И тогда я понял: гора не убивает. Она выключает.
Мы приняли решение уходить. Это решение было похоже на прыжок через пропасть: разум кричал «беги», а что-то внутри тихо спрашивало: «Зачем?» Словно бегство — это ошибка, которую надо исправить.
Когда мы собирали лагерь, импульс усилился, и на экранах появились всплески, похожие на ритм. На краткий миг я увидел на одном из графиков форму, которую можно было принять за символ: четыре луча, уходящие к четырём сторонам света, и точка в центре. Сердце. Ось.
Мы ушли быстро, не оглядываясь. Но гора всё равно была в поле зрения — не глазами, так внутренним зрением. Она следовала за нами в мыслях, как следуют за человеком его собственные дурные поступки.

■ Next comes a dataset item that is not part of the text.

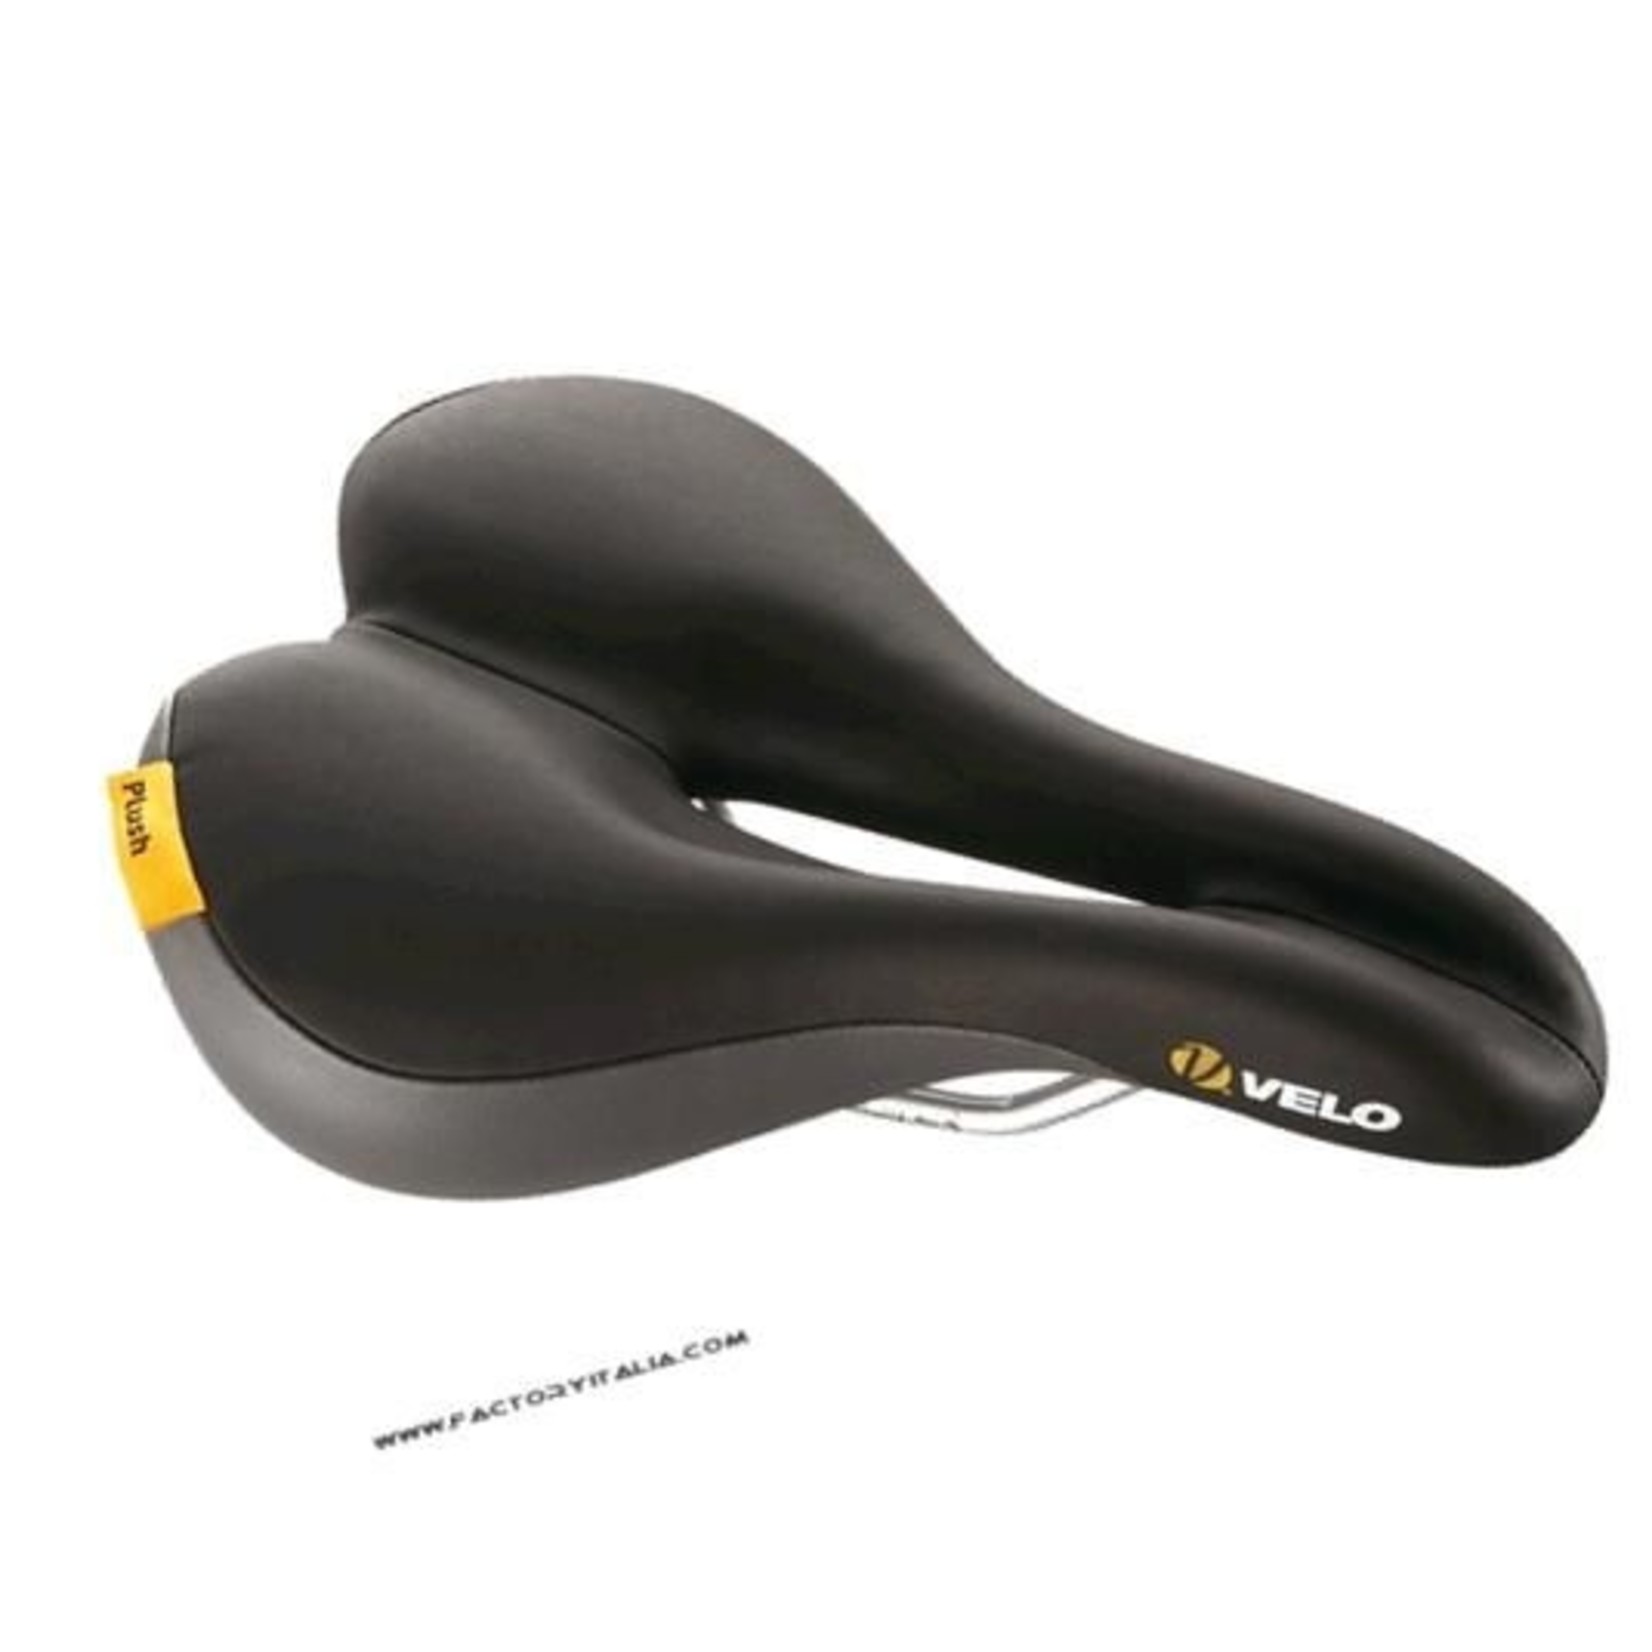 Velo Velo Bike/Cycling Saddle Plush Pump Om Cut-Out Touring 411G - 273mm X 179mm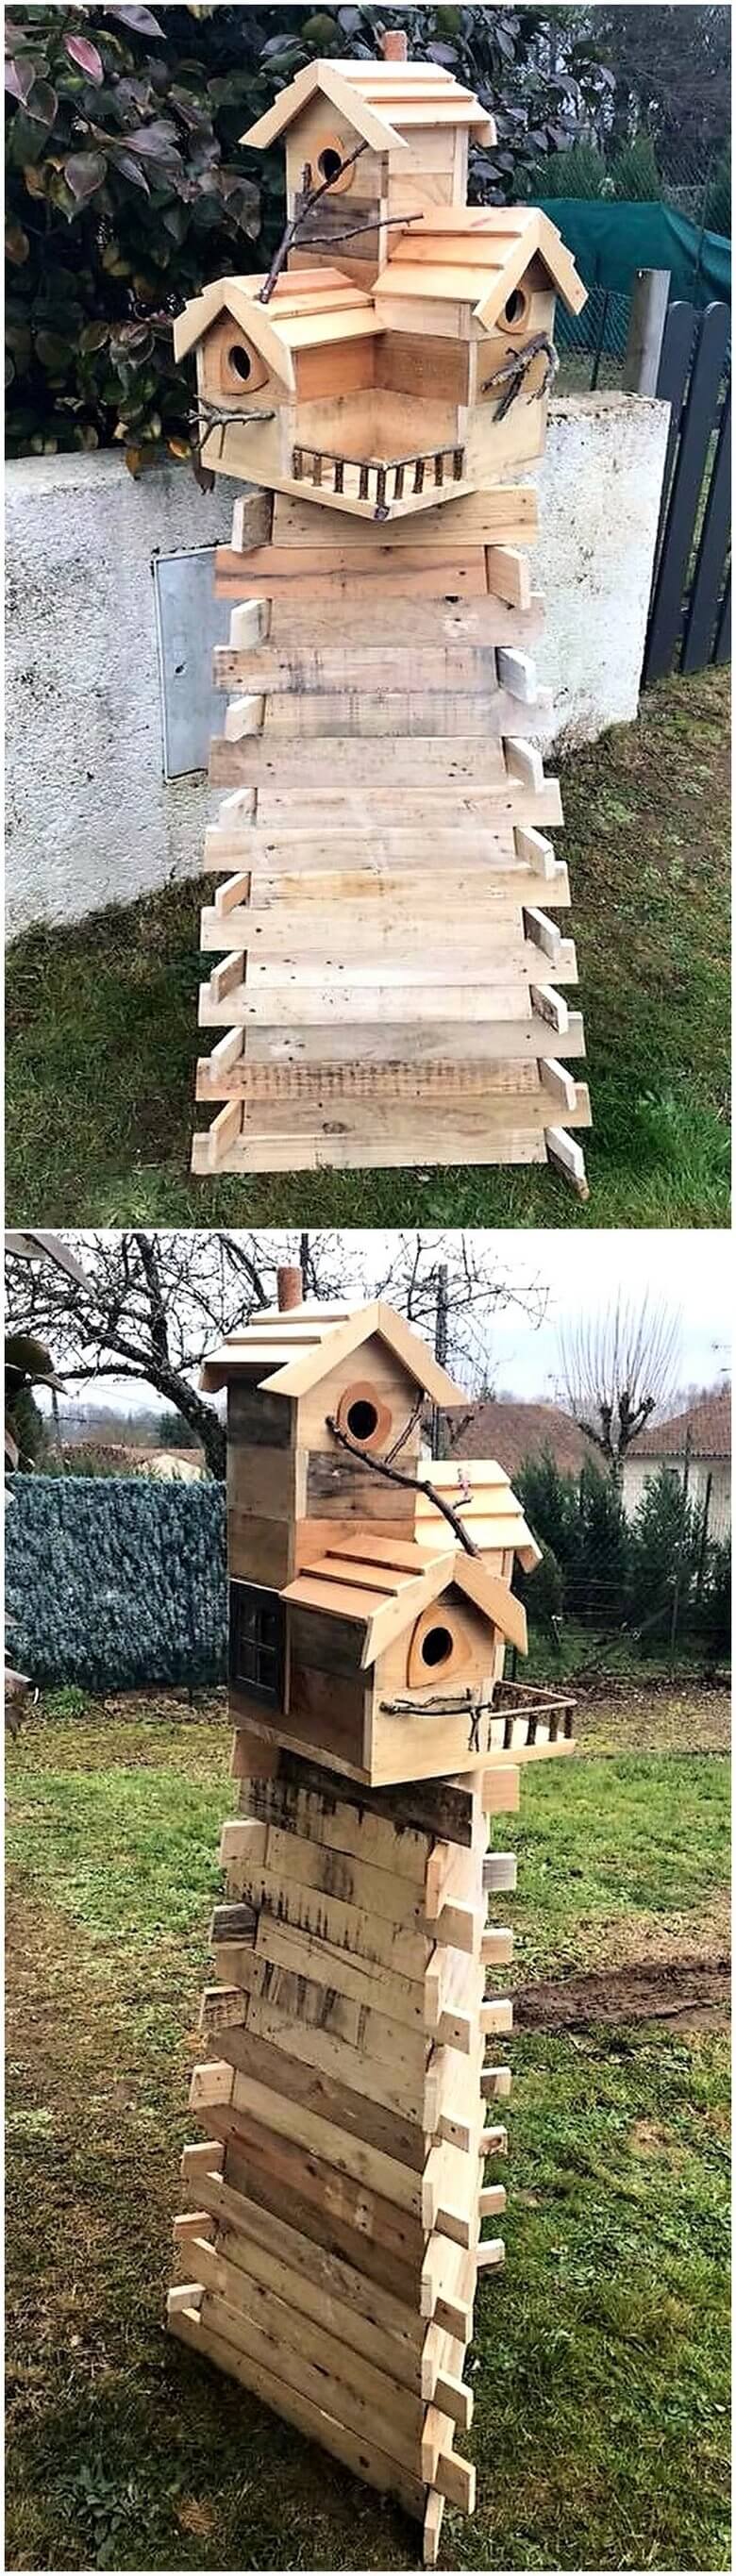 pallet birdhouse idea

Уже далеко, у последнего поворота тропы, я всё же оглянулся.
Кайлас стоял неподвижно. Вершина его сияла, как белая печать. И мне показалось — или, быть может, я наконец-то увидел то, что всегда было — что грань горы на мгновение стала прозрачной. Внутри — не пещера, не пустота, не механизм.
А тьма.
Не отсутствие света, а присутствие чего-то, что пожирает саму возможность света. И в этой тьме — как в зрачке — был импульс: тихий, ровный, бесконечно терпеливый. Он не звал. Он ждал.
С тех пор я живу в городе, среди людей и шума, среди ламп и экранов. Я стараюсь быть прежним. Я работаю, говорю, улыбаюсь. Но иногда — особенно ночью — я слышу тот самый ритм. Он приходит не извне. Он поднимается из глубины, как память, которой я не заслужил.
И самое ужасное: я больше не уверен, что мы ушли.
Я уверен лишь в одном: гора не нуждается в нашем присутствии. Ей достаточно нашего внимания.
Потому что Кайлас — не место.
Кайлас — это мысль, которая однажды увидела человека и решила, что человек — слишком яркая ошибка.